1) Fix the law
Yes, Obamacare is screwed up. As written, there was nothing in place for what happens when every insurer pulls out of a market, for example, and we have a bunch of counties with nobody selling insurance, combined with a mandate to buy insurance. That's... not good. There are other problems too, but that one is the biggest. The "risk corridors" are also a problem. Those would be the policies intended to transfer money to the insurers who, through bad luck, happen to get sicker pools of customers. There are plenty of problems in the law. Since the Republicans are not going to repeal it, the statutory problems kind of should be addressed. The problem is that this needs to be bipartisan because of... the Freedom Caucus. This can't be done by the Republicans alone because the Freedom Caucus and others will oppose any fix. In the Senate, Rand Paul and the rest of the drama club will oppose any fix. In fact, most of the GOP will oppose "fixing" Obamacare because it will mean "collaborating." They have spent so much time decrying Obamacare as an apocalyptic nightmare that they have made this option almost unthinkable. In the Senate, Collins, Murkowski, Capito, Heller, sure. They can go along with this, as long as McConnnell lets it happen, but McConnell tried to revive "repeal-and-delay." Will he really go along with it? That brings us to...
2) Sabotage
There are actually three GOP options for sabotage. First, do nothing. The holes in the existing law are a problem. How big will they grow? We don't know. The "Obamacare is in a death spiral" line is almost certainly bullshit, but there are real problems, some of which are growing. Each time another county sees its last insurer pull out, the problems get bigger. Second, at the state level, governors and state legislatures have plenty of sabotage options. They control state exchanges, after all. However, the most dangerous is Trump himself, and he has made noises indicating a desire to engage in administrative sabotage. He has the option to do something extraordinarily dangerous. Those risk corridors? He can basically cut off payments to insurers at the federal level because of a stupid mistake in how the law was written (a sort of a typo, which is actually the subject of a lawsuit). If he shuts down guarantees to insurers, or tells the IRS to stop enforcing the individual mandate, or something like that, we start to see an absolute disaster.
The real danger, then, is Trump. He likes to say that sabotage will force Democrats to give him concessions. No. It won't. He's just incredibly fucking stupid and vindictive. If he engages in sabotage, here's what happens: the healthcare system tanks, and in the next election, the president takes the blame. He is already historically unpopular. Gallup's daily tracking has him at 39% right now. That's not going up, and people attribute credit or blame to the president for national conditions. Midterms go against the party of the president anyway, except under extraordinary circumstances. Yes, Trump was unpopular during 2016. How did he win? The Democrats had won the two previous elections, and James Comey decided he didn't want Clinton in office. Neither of those will save his party in 2018, particularly if he decides to sabotage the healthcare system.
Does that mean he'll do the sane thing?

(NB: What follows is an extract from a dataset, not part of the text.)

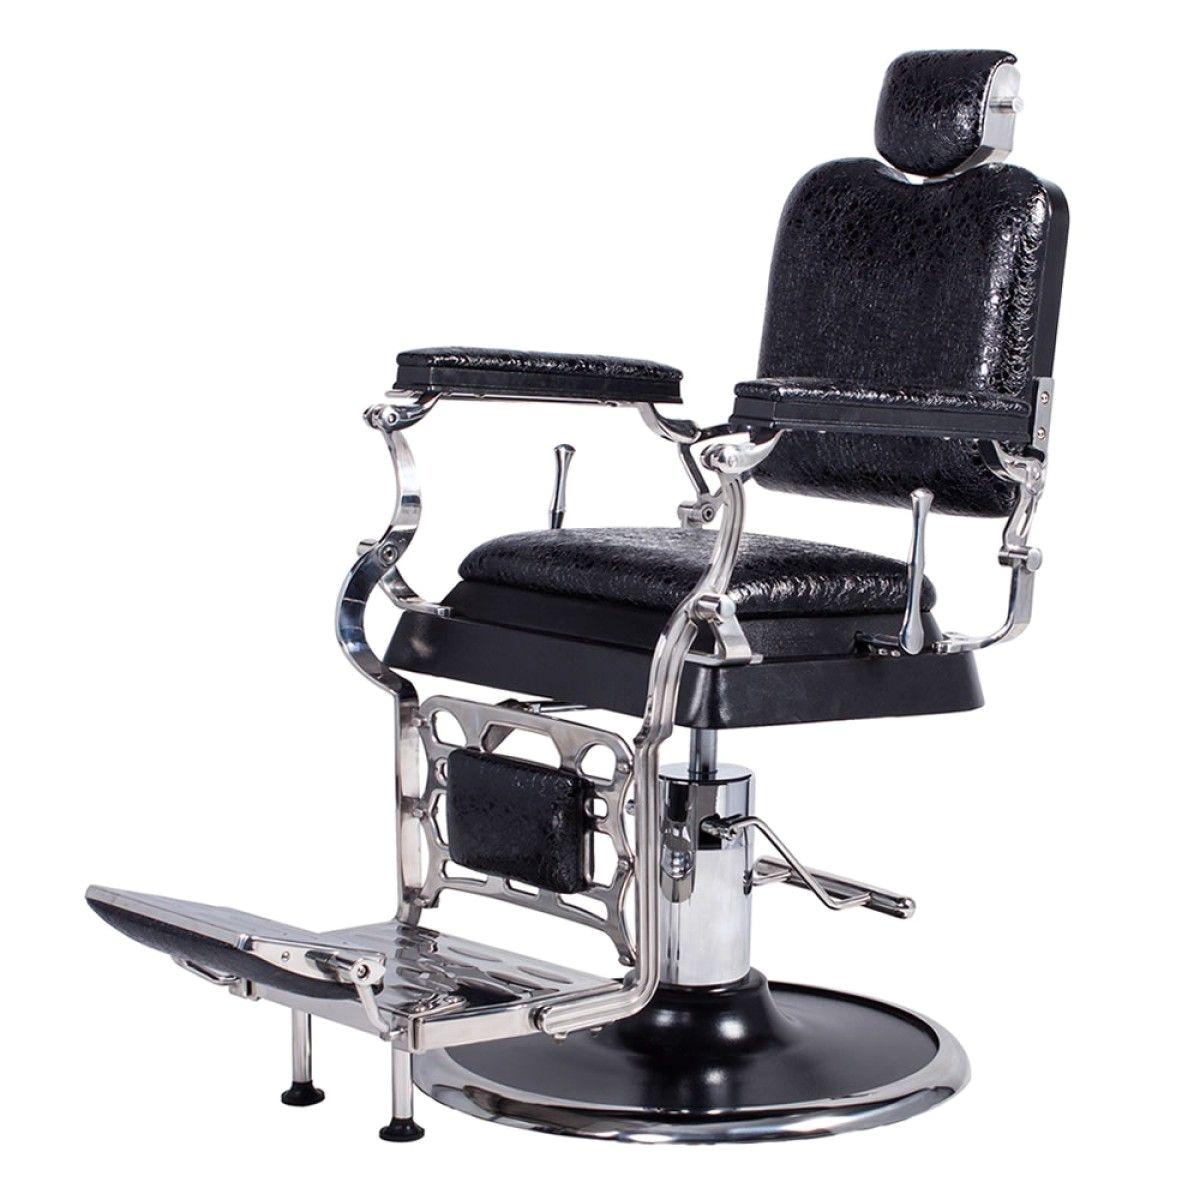 Vintage Barber Shop Chairs for Sale Emperor Antique Barber Chair Antique  Barber Chair Vintage Barber - Vintage Barber Shop Chairs For Sale Emperor Antique Barber Chair
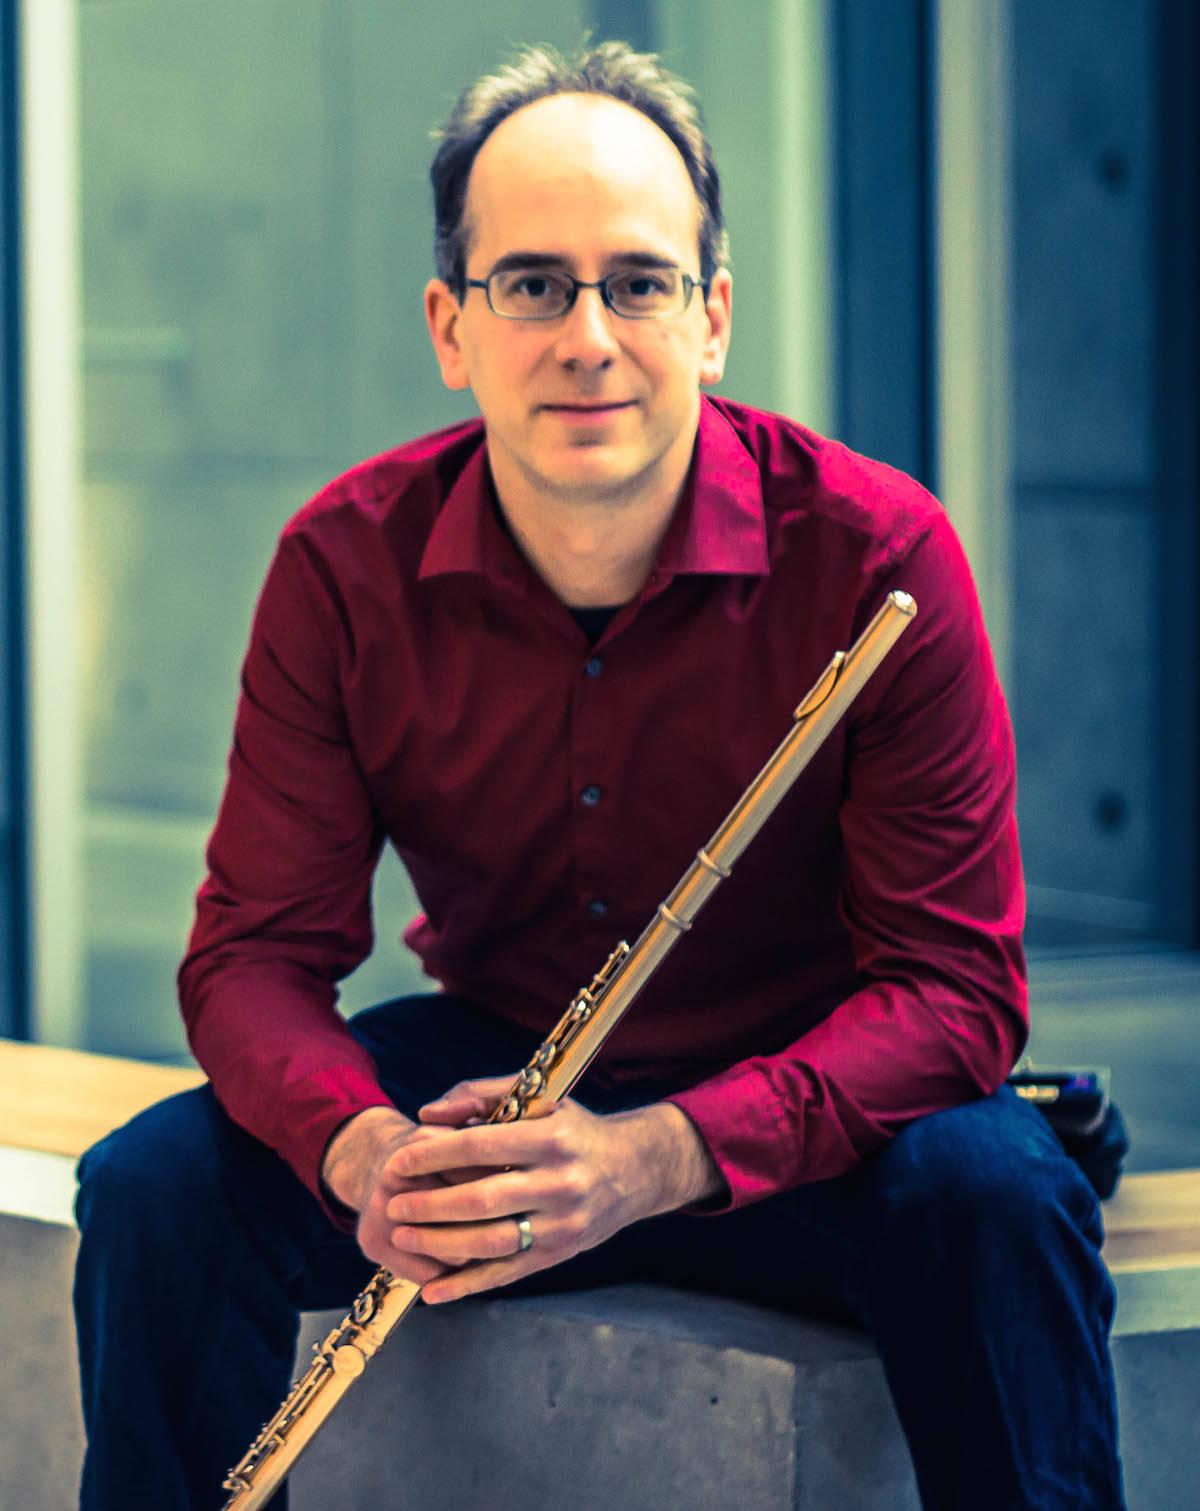 Paolo Bertolussi, flute

I wouldn't bet on it. Trump is stupid and vindictive. He just lost, "bigly." He needs to enact vengeance, and rationality has never been his strong suit.
The only thing that would save him from that midterm disaster if he sabotages the healthcare system? A war. I'm not joking about this. We are entering extremely dangerous territory now. Here is a serious possibility to consider: Trump may lash out by sabotaging the healthcare system, and then start a war to try to salvage public opinion. How likely is this? I have no idea. This is about trying to predict Trump-- a psychopathic idiot child. But, even Mitch McConnell has been driven so crazy that he tried to revive "repeal-and-delay." Rationality is out the window here. I have no idea what's going to happen, and that's scary.